Again about STL: containers

In the previous article we talked about arrays as a prototype and the progenitor of containers. Now it is the turn of the actual container classes and their supporting libraries.

The term library of standard templates (STL, S tandard T emplate L ibrary) refers to a set of interfaces and components originally developed by Alexander Stepanov, Meng Lee and other employees of AT & T Bell Laboratories and Hewlett-Packard Research Laboratories in the early 90s (although later still quite a few had a hand in what has become today the standard component of C ++). Further, the STL library became the property of SGI, and was also included as a component in the Boost library set. Finally, the STL library was included in the C ++ standards of 1998 and 2003 (ISO / IEC 14882: 1998 and ISO / IEC 14882: 2003) and has since been considered one of the components of the standard C ++ libraries.

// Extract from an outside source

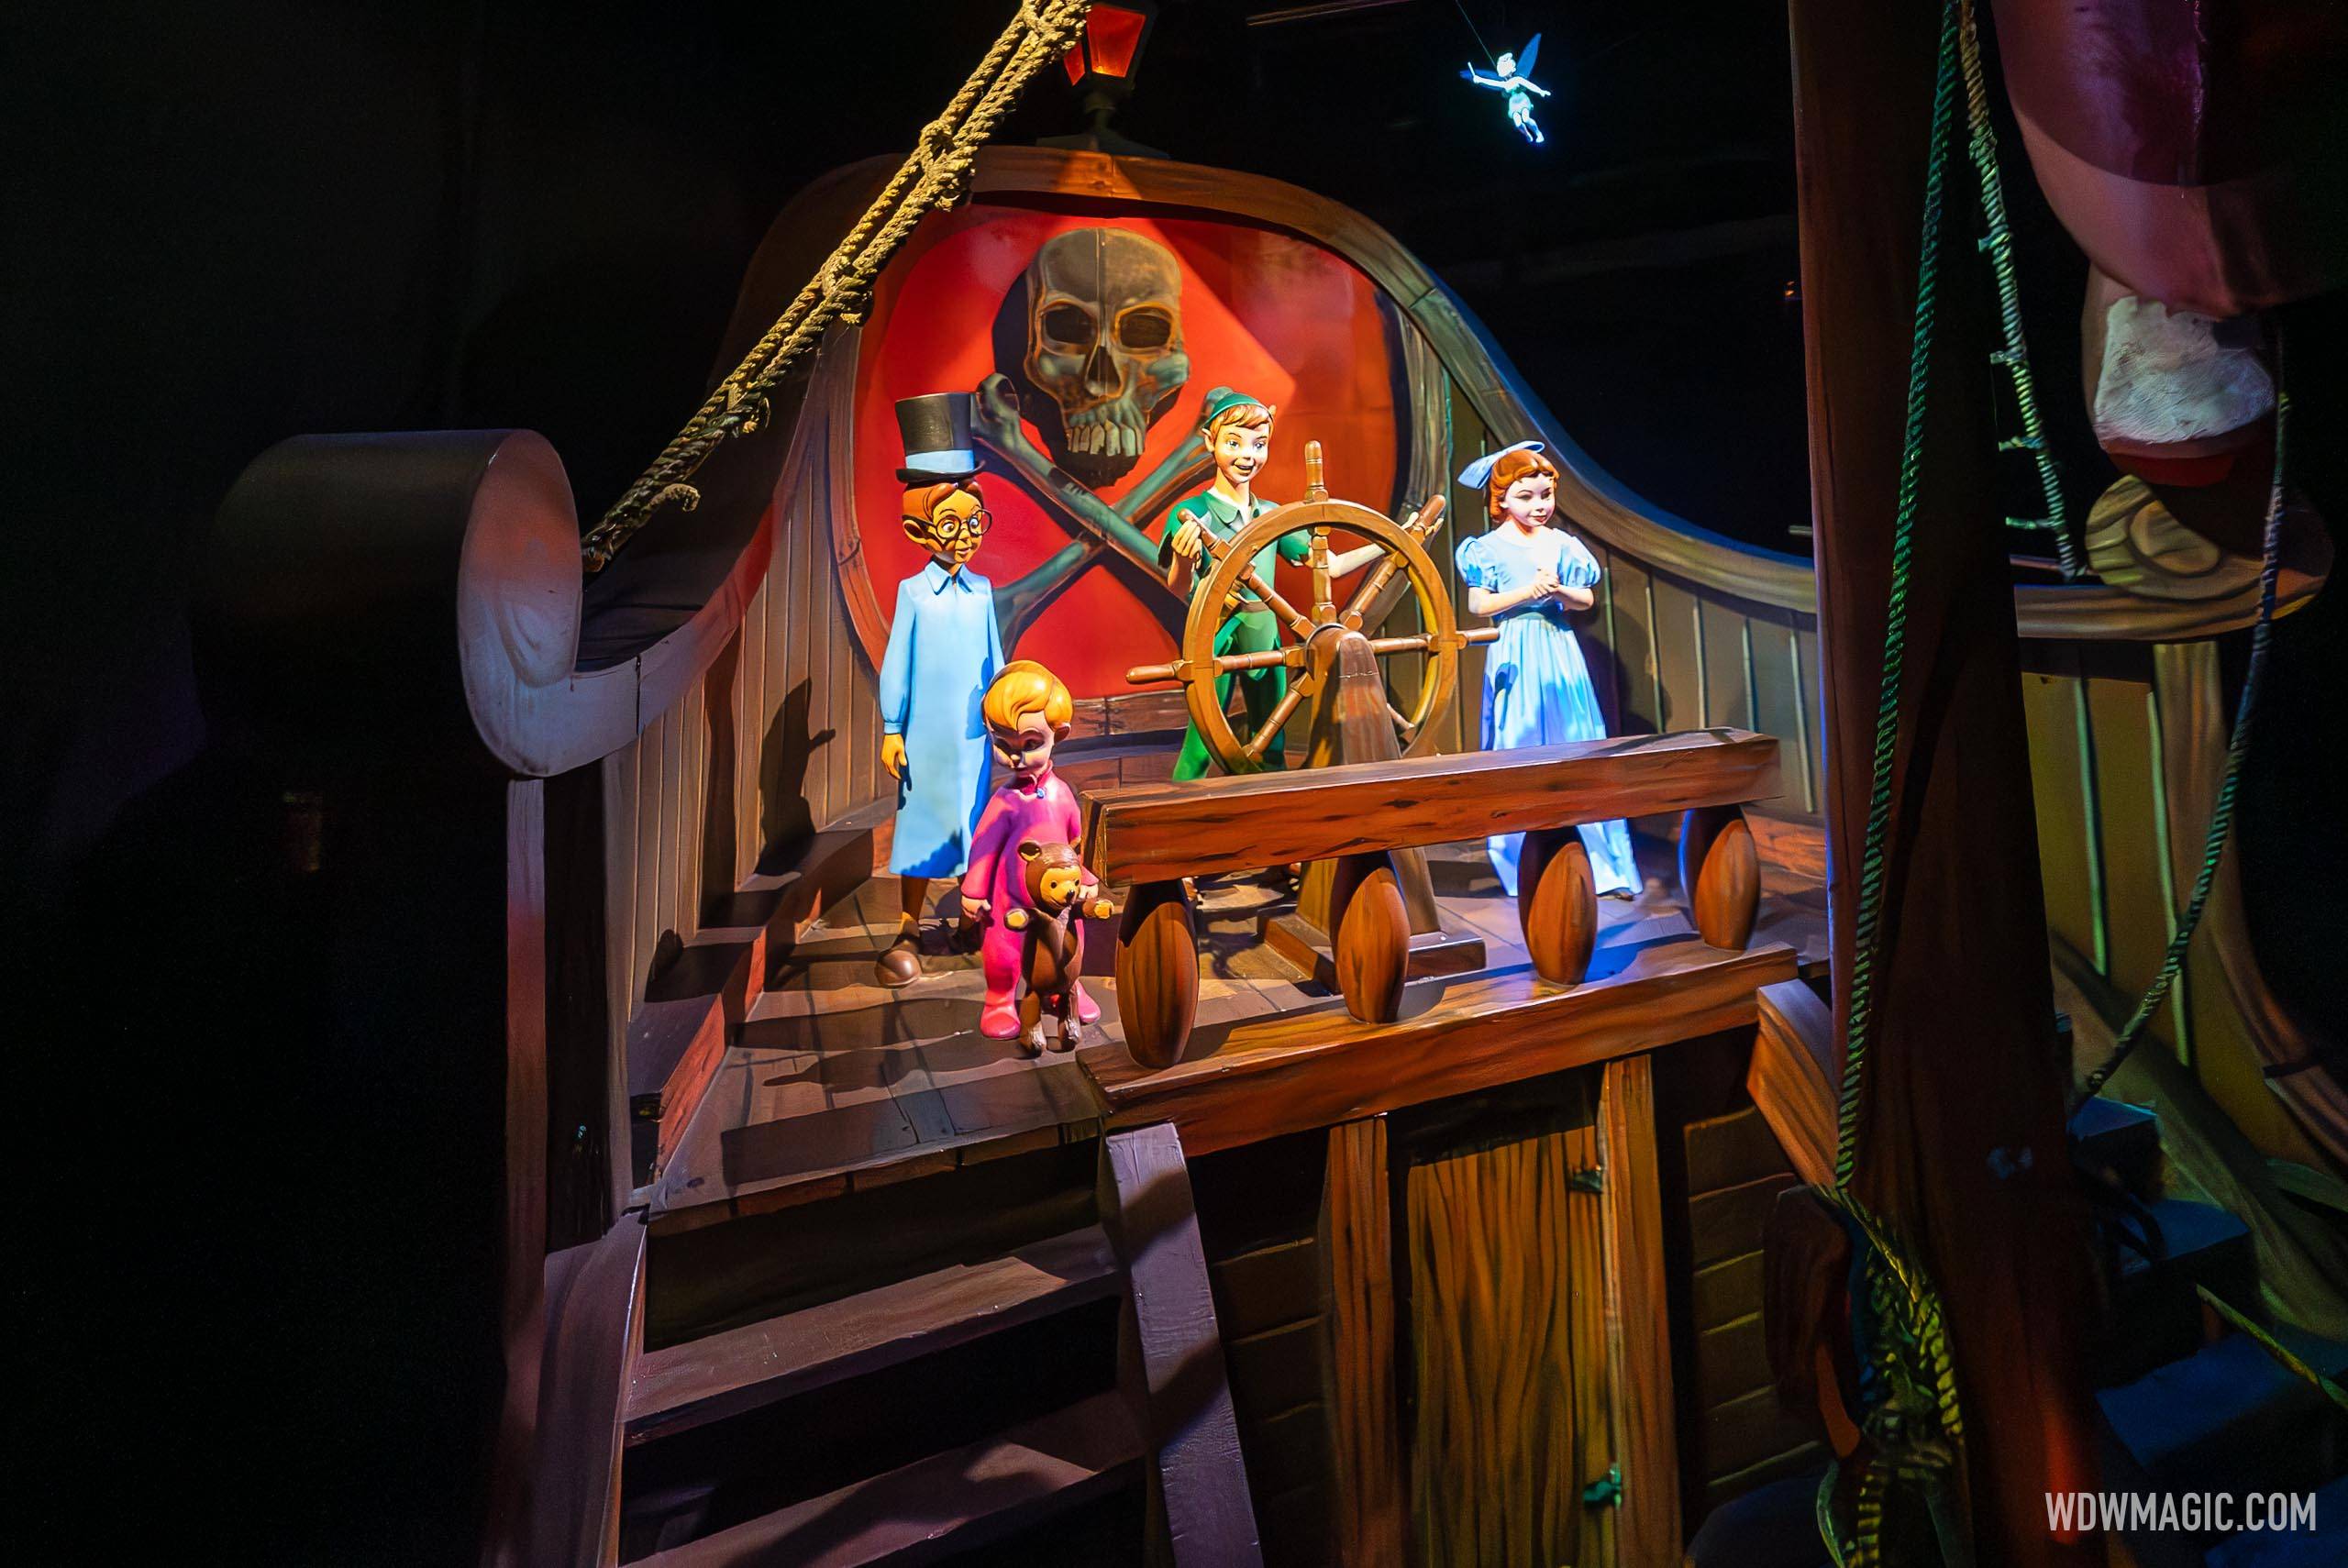 Peter Pan's Flight refurbishment pushed back a few days and extended

The standard does not name this part of the STL library, but this chronology would be well taken into account when dealing with which version of the compiler, language and literature you are dealing with - in the process of reducing HP STL to sizes suitable for standardization, some of the algorithms and functors dropped out of the library, and something is added over time (for example, expanding the set of redefined prototypes of some container methods). The text will use the traditional name STL only to make it clear what part of the standard C ++ library we mean.

The original purpose of STL (this is clearly seen from the chronology of comments in the header files) was to create a more flexible model of regular containers compared to arrays and generalize to them some widely used algorithms (such as search, sort, and some others). But the idea turned out to be more fruitful than the original intentions, and was significantly expanded. STL introduces a number of concepts and data structures that in almost all cases make it possible to greatly simplify the program code. The following categories of concepts are introduced:
')

Container - a way to store a set of objects in memory.
Iterator - a means of accessing the contents of individual objects in a container.
Algorithm - determination of the most standard computing procedures on containers.
Adapter - adaptation of the main categories to provide the most commonly used interfaces (such as stack or queue).
Functor (functional object) - hiding a function in an object for use by other categories.

The STL library is a very large area. Her description is devoted to entire individual books. Here, by virtue of a sufficiently initial level of acquaintance, limited volume and following the previously announced goals, the technique of using STL will be considered using intuitively clear examples. The STL syntax is based on the use of such syntax constructs of the C ++ language as templates (templates) of classes and function templates. But for the successful application of the STL technique it is not necessary to have a deep understanding of the templates technique (this may come later).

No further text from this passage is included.